How do you solve \[0.3x-0.2y=4\] and \[0.4x+0.5y=\dfrac{63}{19}\] using substitution?

Answer 1

Hint: This question is from the topic of algebra. We are going to solve these equations using a substitution method. In this question, we are going to find out the value of x and y. We will find the value of x from the equation \[0.3x-0.2y=4\] and put that value of x in the equation \[0.4x+0.5y=\dfrac{63}{19}\]. From there, we will find the value of y.
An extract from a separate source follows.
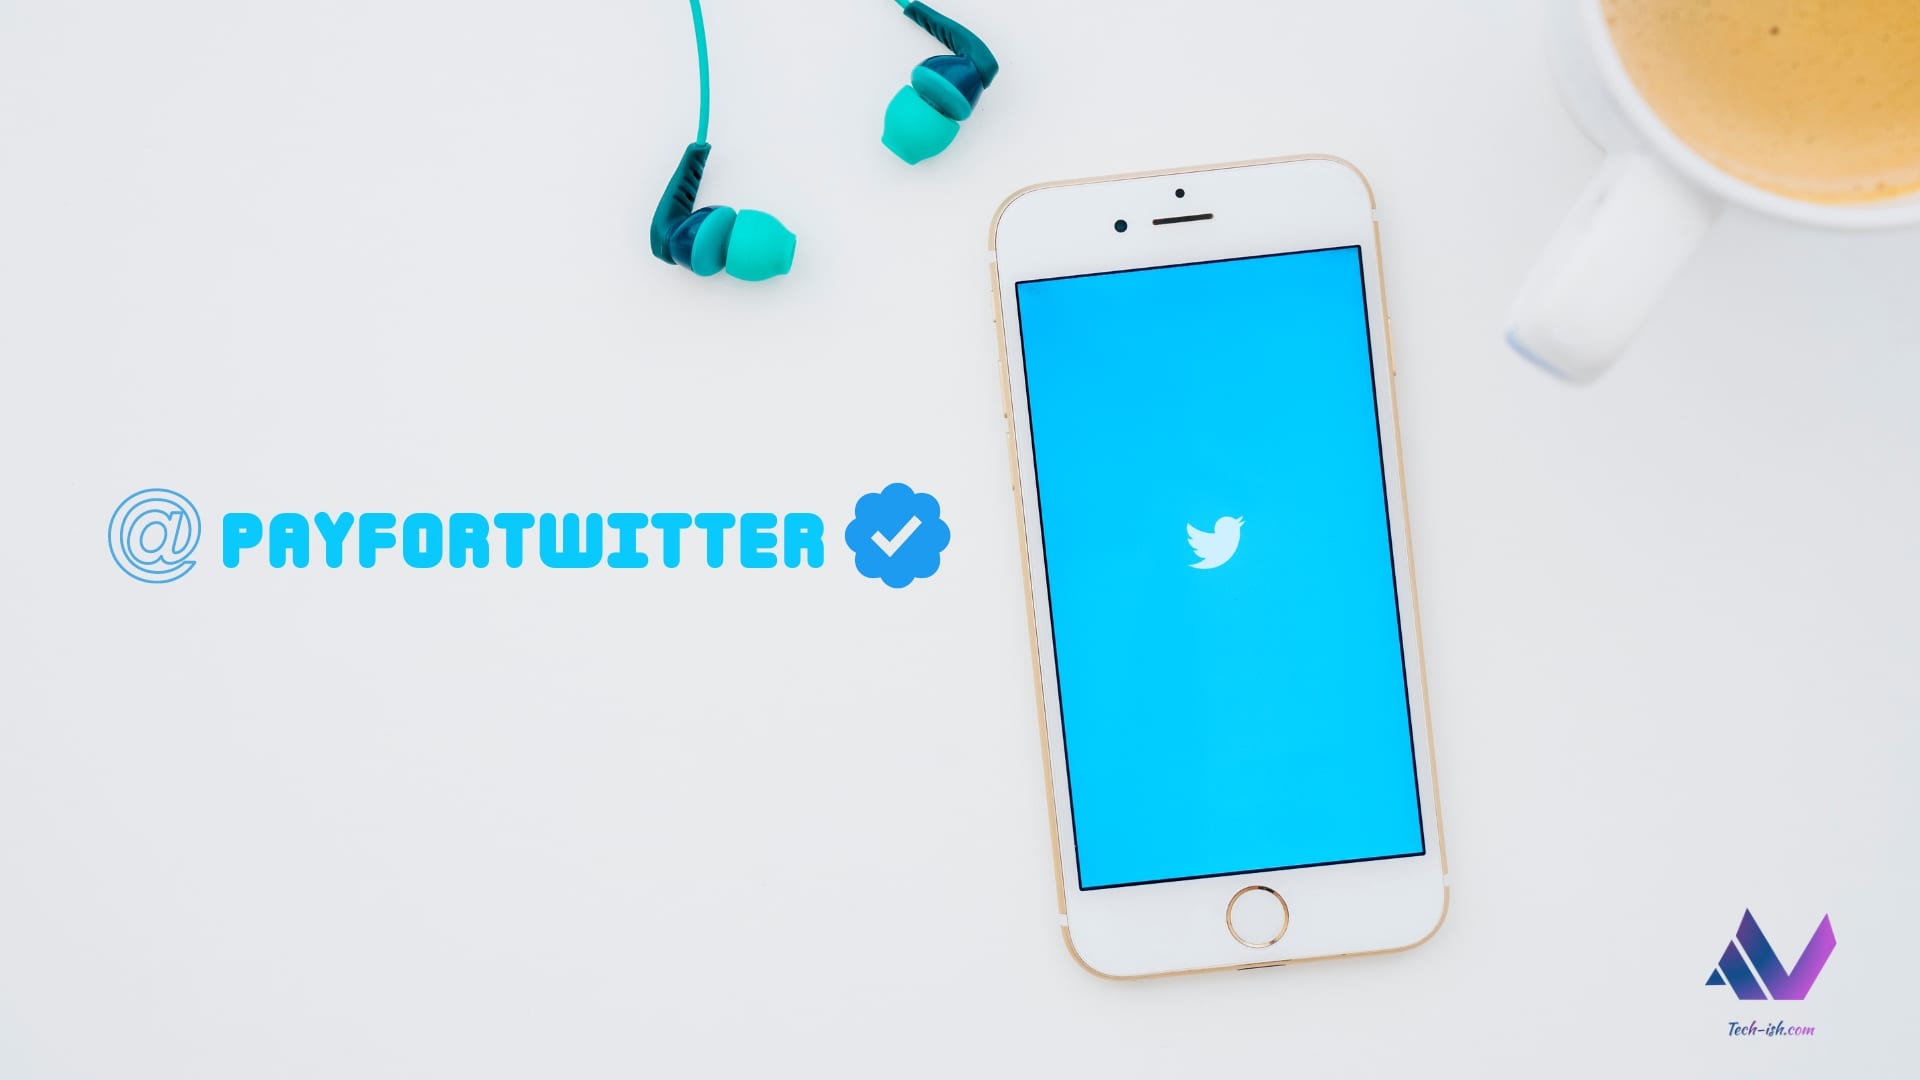 Twitter Blue now available in Kenya
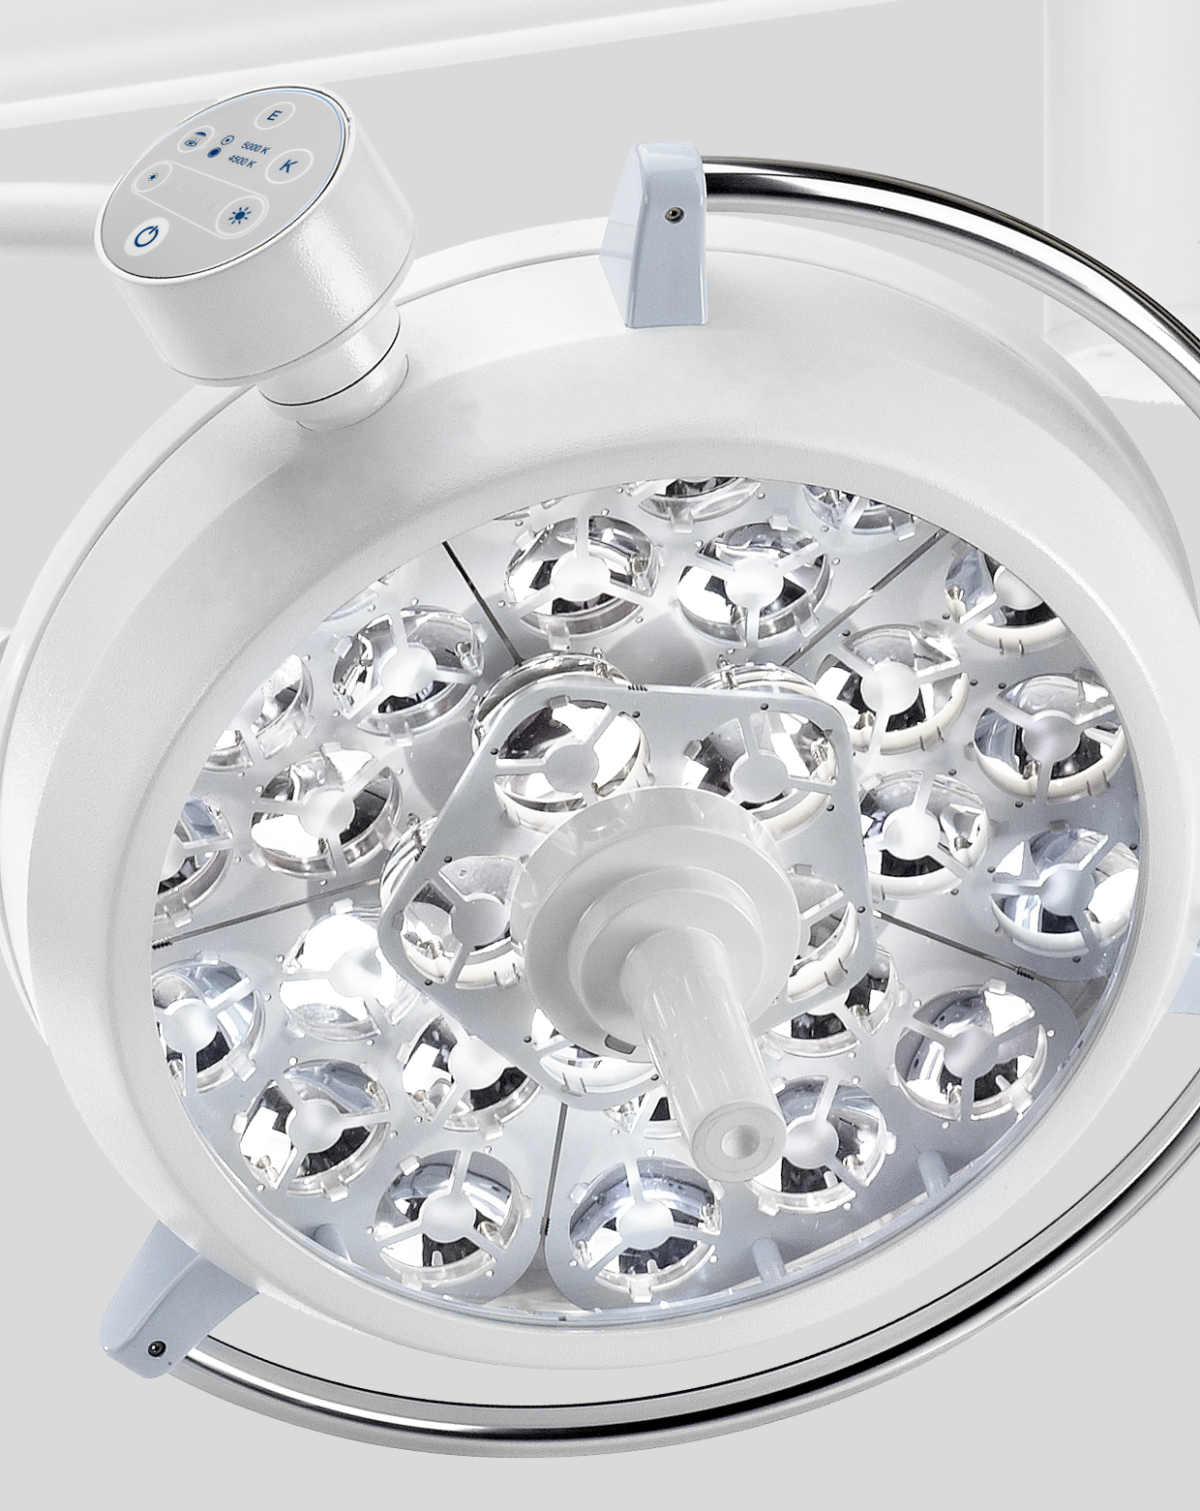 Pentaled 30 E is a scialytic led lamp for small surgery. It is part of the PENTALED E SERIES, and is particularly suitable in operating rooms where the lamp must be small in size in order not to interfere with other equipment hanging from the ceiling. It is ideal for maxillofacial surgery and cosmetic surgery.

And, after using any one of the equations we will find the exact value of x.

Complete step by step solution:
Let us solve this question.
In this question, we have asked to solve the equations \[0.3x-0.2y=4\] and \[0.4x+0.5y=\dfrac{63}{19}\] & find out the value of x and y.
The equation \[0.3x-0.2y=4\] can also be written as
\[\Rightarrow 0.3x=4+0.2y\]
The above equation can also be written as
\[\Rightarrow x=\dfrac{4+0.2y}{0.3}\]
The above equation can also be written as
\[\Rightarrow x=\dfrac{4}{0.3}+\dfrac{0.2y}{0.3}\]
As we know that 0.2 can also be written as 2 divided by 10 and 0.3 can also be written as 3 divided by 10. So, we can write the above equation as
\[\Rightarrow x=\dfrac{4}{\dfrac{3}{10}}+\dfrac{2y}{10\times \dfrac{3}{10}}\]
The above equation can also be written as
\[\Rightarrow x=\dfrac{40}{3}+\dfrac{2y}{3}\]
Now, we will put this value of x in the second equation that is \[0.4x+0.5y=\dfrac{63}{19}\].
\[0.4\left( \dfrac{40}{3}+\dfrac{2y}{3} \right)+0.5y=\dfrac{63}{19}\]
The above equation can also be written as
\[\Rightarrow 0.4\left( \dfrac{40}{3} \right)+0.4\left( \dfrac{2y}{3} \right)+0.5y=\dfrac{63}{19}\]
As we know that if we multiply 0.4 with 40, then we will get 16.
So, we can write the above equation as
\[\Rightarrow \dfrac{16}{3}+\dfrac{0.8}{3}y+0.5y=\dfrac{63}{19}\]
The above equation can also be written as
\[\Rightarrow \dfrac{16}{3}+\left( \dfrac{0.8+1.5}{3} \right)y=\dfrac{63}{19}\]
Taking the term \[\dfrac{16}{3}\] to the right side of the equation, we get
\[\Rightarrow \left( \dfrac{2.3}{3} \right)y=\dfrac{63}{19}-\dfrac{16}{3}\]
The above equation can also be written as
\[\Rightarrow \left( \dfrac{2.3}{3} \right)y=\dfrac{63\times 3-16\times 19}{19\times 3}\]
The above can also be written as
\[\Rightarrow \left( \dfrac{2.3}{3} \right)y=\dfrac{189-304}{19\times 3}=\dfrac{-115}{19\times 3}\]
The above equation can also be written as
\[\Rightarrow \left( 2.3 \right)y=\dfrac{-115}{19}\]
As we know that 2.3 can also be written as 23 divided by 10, so we can write the above equation as
\[\Rightarrow \dfrac{23}{10}y=\dfrac{-115}{19}\]
We know that, 115 can also be written as 23 multiplied by 5. So, we can remove 23 to both the side of the equation, then we will get
\[\Rightarrow \dfrac{1}{10}y=\dfrac{-5}{19}\]
The above can also be written as
\[\Rightarrow y=\dfrac{-50}{19}\]
Putting this value of y in the equation \[0.3x-0.2y=4\], we get
\[0.3x-0.2\left( \dfrac{-50}{19} \right)=4\]
The above equation can also be written as
\[\Rightarrow 0.3x+\dfrac{10}{19}=4\]
The above equation can also be written as
\[\Rightarrow 0.3x=4-\dfrac{10}{19}\]
\[\Rightarrow 0.3x=\dfrac{76-10}{19}=\dfrac{66}{19}\]
The above equation can also be written as
\[\Rightarrow \dfrac{3}{10}x=\dfrac{66}{19}\]
The above equation can also be written as
\[\Rightarrow \dfrac{3}{10}x=\dfrac{22\times 3}{19}\]
The above equation can also be written as
\[\Rightarrow \dfrac{1}{10}x=\dfrac{22}{19}\]
On multiplying 10 to both the side of the equation, we get
\[\Rightarrow x=\dfrac{220}{19}\]

Hence, we have solved the equations \[0.3x-0.2y=4\] and \[0.4x+0.5y=\dfrac{63}{19}\] using substitution method and have found the value of x and y. The value of x is \[\dfrac{220}{19}\] and the value of y is \[\dfrac{-50}{19}\].

Note: We should have a better knowledge in the topic of algebra for solving this type of question easily. We should know how to solve the equations using the substitution method. Always remember that if there is a number in which the decimal from the right side is after n digits then, after removing that decimal we will write the number but it will divide the number 10 to the power of n.